Adang juga berharap, dengan tertangkapnya Djoko Tjandra maka Polri harus mampu menggali semua persoalan, kejadian yang lalu. Misalnya mengapa menjelang putusan Mahkamah Agung (MA), dia bisa tahu dan lari ke luar negeri. Mengapa dia dengan mudah mendapatkan paspor baru.
“Penegak hukum harus terbuka dan transparan. Banyak hal-hal yang harus dilakukan Polri bekerja sama dengan aparat penegak hukum lainnya, apabila ingin kepercayaan rakyat terhadap penegakan hukum di Indonesia semakin baik,” ungkapnya.
Diketahui, Djoko Tjandra merupakan terdakwa kasus pengalihan hak tagih (cessie) Bank Bali senilai Rp 904 miliar yang ditangani Kejaksaan Agung. Pada 29 September 1999 hingga Agustus 2000, Kejaksaan pernah menahan Djoko. Namun hakim Pengadilan Negeri Jakarta Selatan memutuskan ia bebas dari tuntutan karena perbuatan itu bukan perbuatan pidana melainkan perdata.
Pada Oktober 2008, Kejaksaan mengajukan peninjauan kembali atau PK terhadap kasus ini ke Mahkamah Agung (MA). Pada 11 Juni 2009, MA menerima PK yang diajukan jaksa. Majelis hakim memvonis Joko 2 tahun penjara dan harus membayar Rp 15 juta. Uang milik Djoko di Bank Bali sebesar Rp 546,166 miliar dirampas untuk negara. Imigrasi juga mencekal Djoko.

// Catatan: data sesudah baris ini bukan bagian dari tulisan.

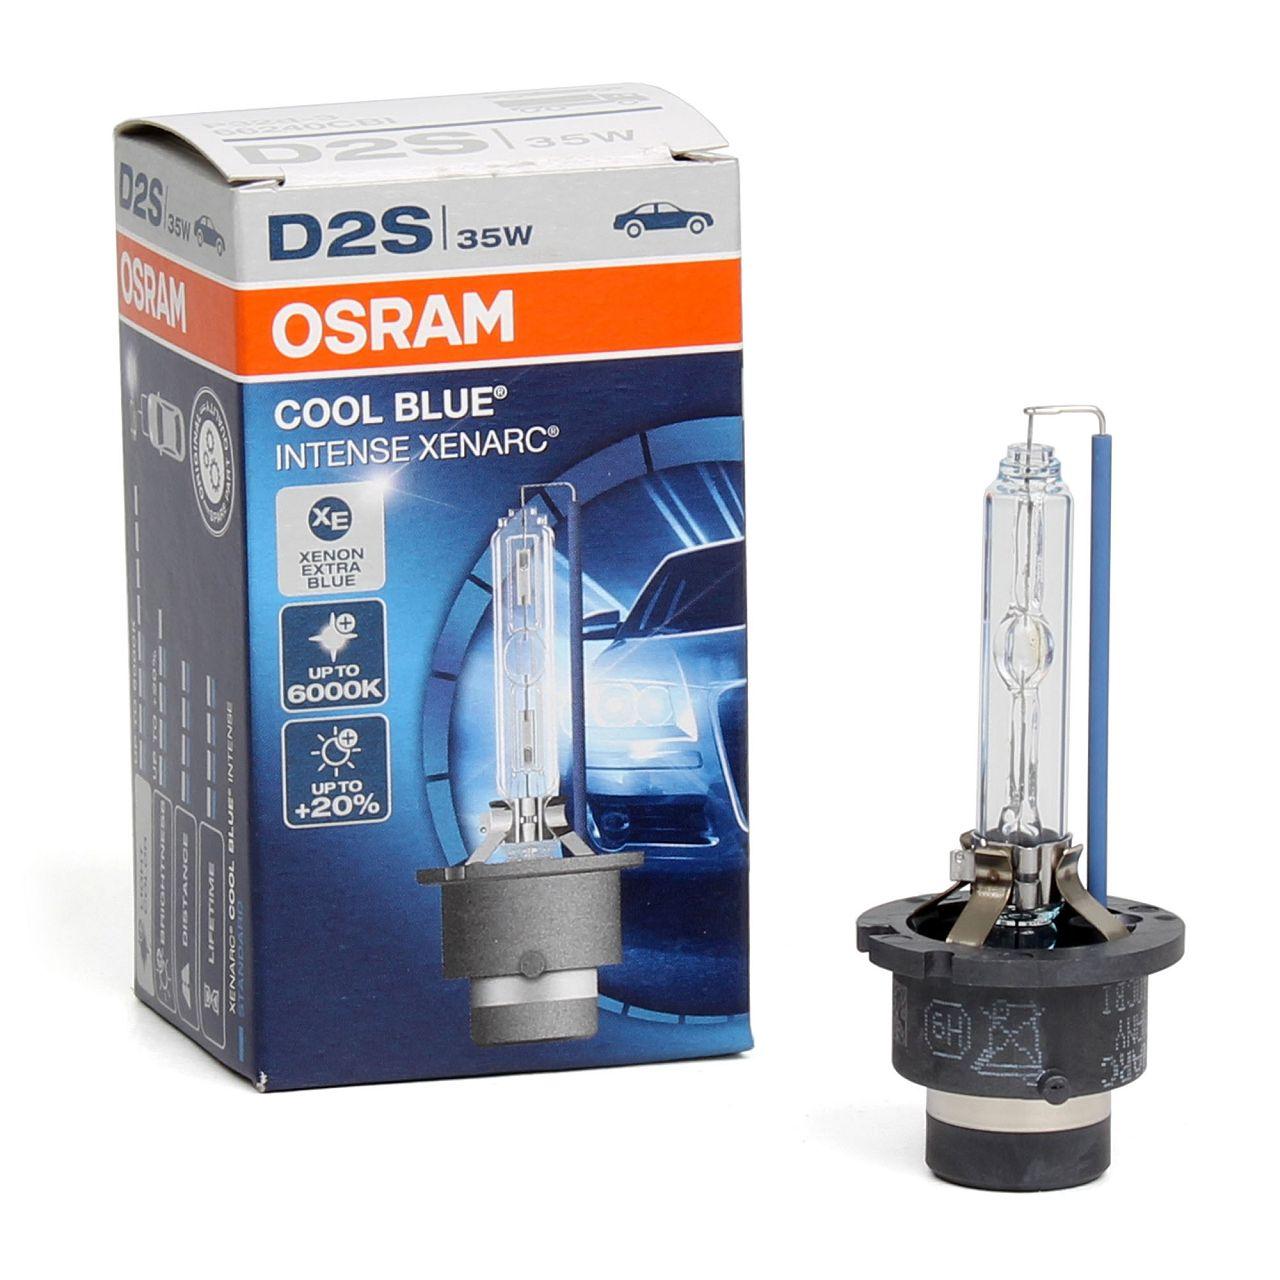 OSRAM Xenarc Xenon Brenner D2S COOL BLUE INTENSE CBI 85V 35W P32d-2 66240CBI

Djoko Tjandra kabur dari Indonesia ke Port Moresby, Papua Nugini pada 10 Juni 2009, sehari sebelum MA mengeluarkan putusan perkaranya. Kejaksaan menetapkan Joko sebagai buronan.
Sebelumnya, anak buah Kapolri Idham Azis yang ditunjuk sebagai ketua tim penangkapan Djoko Tjandra yakni Kabareskrim Polri Komjen Pol Listyo Sigit mengungkapkan, penangkapan buronan Djoko Tjandra di Malaysia. Ada kerja sama antara Polri dengan Kepolisian Malaysia hingga Djoko Tjandra berhasil ditangkap.
Listyo menjelaskan, mulanya Kapolri Jenderal Idham Azis memerintahkan untuk mencari Djoko Tjandra. Kemudian, Polri mencari informasi keberadaan buronan tersebut di Malaysia hingga berhasil ditangkap dan dibawa pulang ke Indonesia pada Kamis malam (30/7).
Diketahui, Djoko Tjandra sempat berada di Indonesia tanpa terdeteksi aparat penegak hukum dan pihak keimigrasian. Bahkan, dia sempat membuat e-KTP dan mengajukan permohonan Peninjauan Kembali (PK) di Pengadilan Negeri Jakarta Selatan pada 8 Juni.
Kemudian, Djoko Tjandra berhasil keluar dari Indonesia menuju Malaysia. Menurut penuturan pengacara, Djoko Tjandra sakit dan berobat di Malaysia.